Ah yes, the notorious is-ought problem. The author seems unaware that the is ought problem avails all ethical theories—it’s a problem of logical deduction, of getting a normative conclusion from purely descriptive premises. This isn’t an objection to utilitarianism any more than it is to literally any other ethical theory ever.
The author objects that utilitarianism only applies if the actor agrees with it. This is either false or trivial. If the claim is that utilitarianism makes no demands on non utilitarians—that would be false. It’s a theory of what things are good and what things are bad. It applies to non utilitarians just as much as others.
However, if the objection is that utilitarian arguments won’t motivate non utilitarians, that’s obvious but true of all ethical theories. Deontology won’t motivate non deontologists. Furthermore, I argue that rationality requires people to be utilitarians, so it’s binding as much as rational belief is. Sure, people with irrational beliefs won’t care about standards for rational beliefs. However, if they don’t care about them they’re being foolish.
Quick note on the is ought problem, it’s not a very good objection. It does show that we can’t prove objective morality deductively. However, we also can’t deductively prove induction—you can’t straightforwardly derive a will be from an is any more than an ought from an is. Despite that, we still make predictions about things…
Moral non naturalists would agree that you can’t cross the is ought gap but just say that there are non natural moral properties that make things matter. These are not trivial tautologies, rather they’re controversial substantive claims. The is ought gap just rules out trivial tautologous moralities.
Moral naturalists would think that morality IS a natural property of some sort, so you can derive an ought from an is. Either way, Hume’s guillotine is not compelling, except against confused libertarians trying to derive all of ethics from definitions and first principles with logically necessary and uncontroversial premises.
Gaynor continues, saying, “The second, arguably larger issue, is that it’s impossible to apply for two reasons. Because utilitarianism attempts to maximize something we must have a way to quantify it, or at least compare two different items to see which is greater. Except how does one quantify pleasure or pain? Bentham proposes a “pleasure calculus” based on 7 attributes of pleasures or pains, but this is really just moving the goal post, how do you compare the intensity of pleasure, of the fecundity of pain? These are impossible, John Stuart Mill suggests there are two types of pleasures, higher and lower, but this is just a further attempt to both ignore the impossibility of comparing pleasures and pains as well create artificial distinctions, grounded not in reason, but in individual intuition. If we can’t tell which actions are better, we can’t actually make any decisions from our ethical system.

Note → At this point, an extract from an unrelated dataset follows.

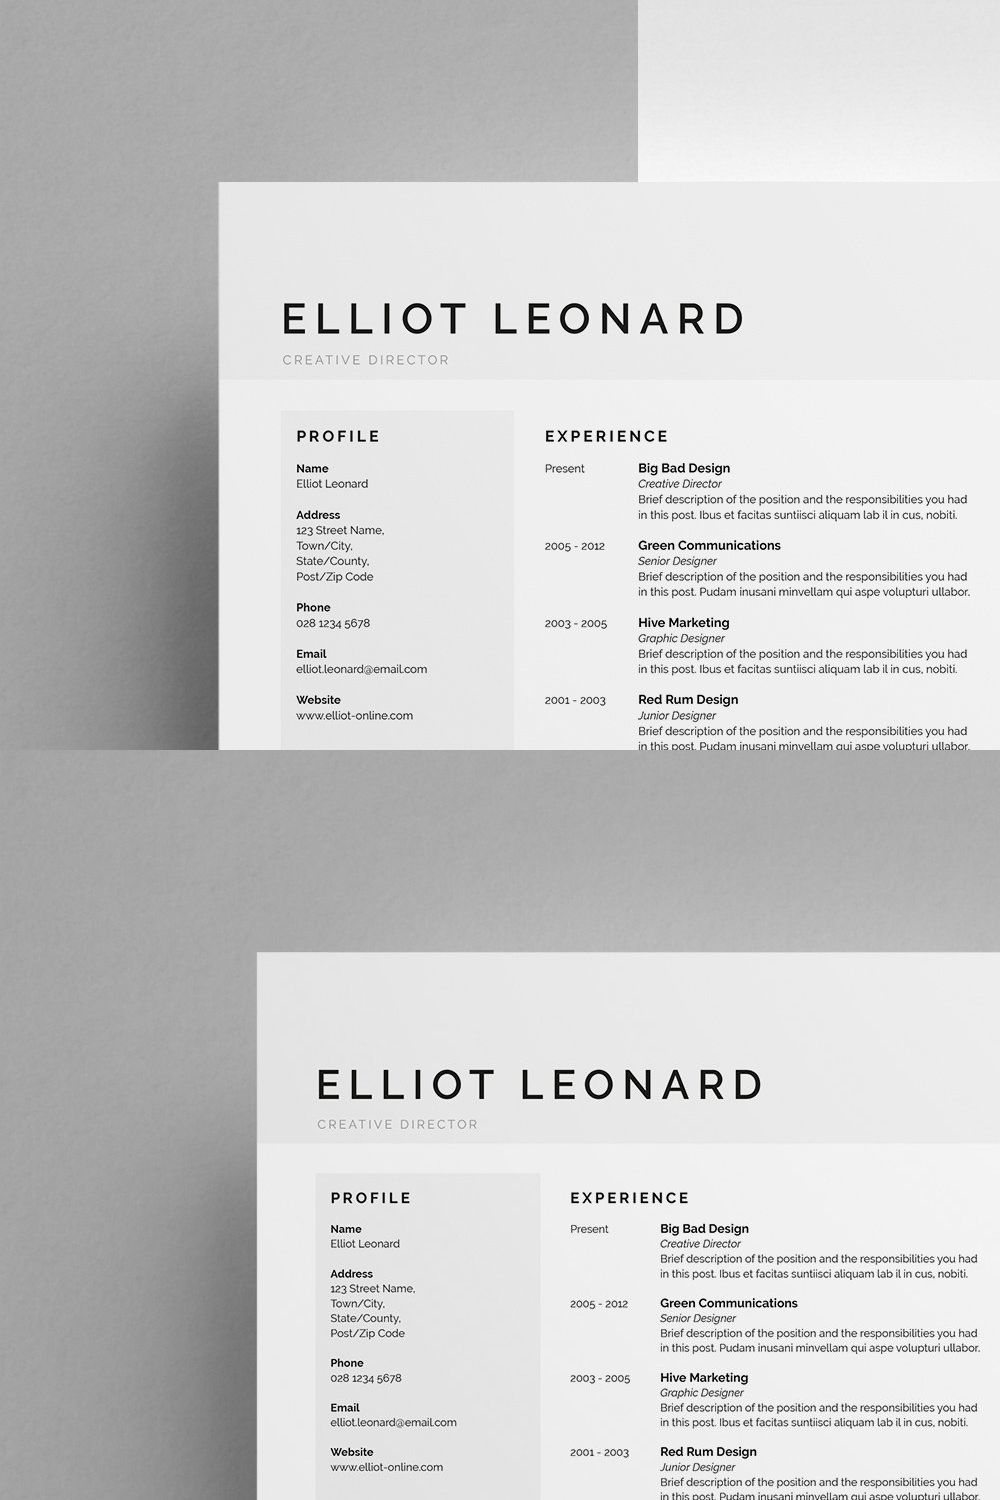 Resume/CV - Elliot pinterest preview image.

The other issue in the application of utilitarianism is that, even if we could compare pleasures and pains, they’re often impossible to predict in advance, or even years later. For example, was the accident at Three Mile Island good or bad? It obviously had devastating effects, but it also was a catalyst for changing nuclear power policy in the US, and even now, 30 years later, we probably can’t say whether the benefits in safety policy outweigh the obvious costs.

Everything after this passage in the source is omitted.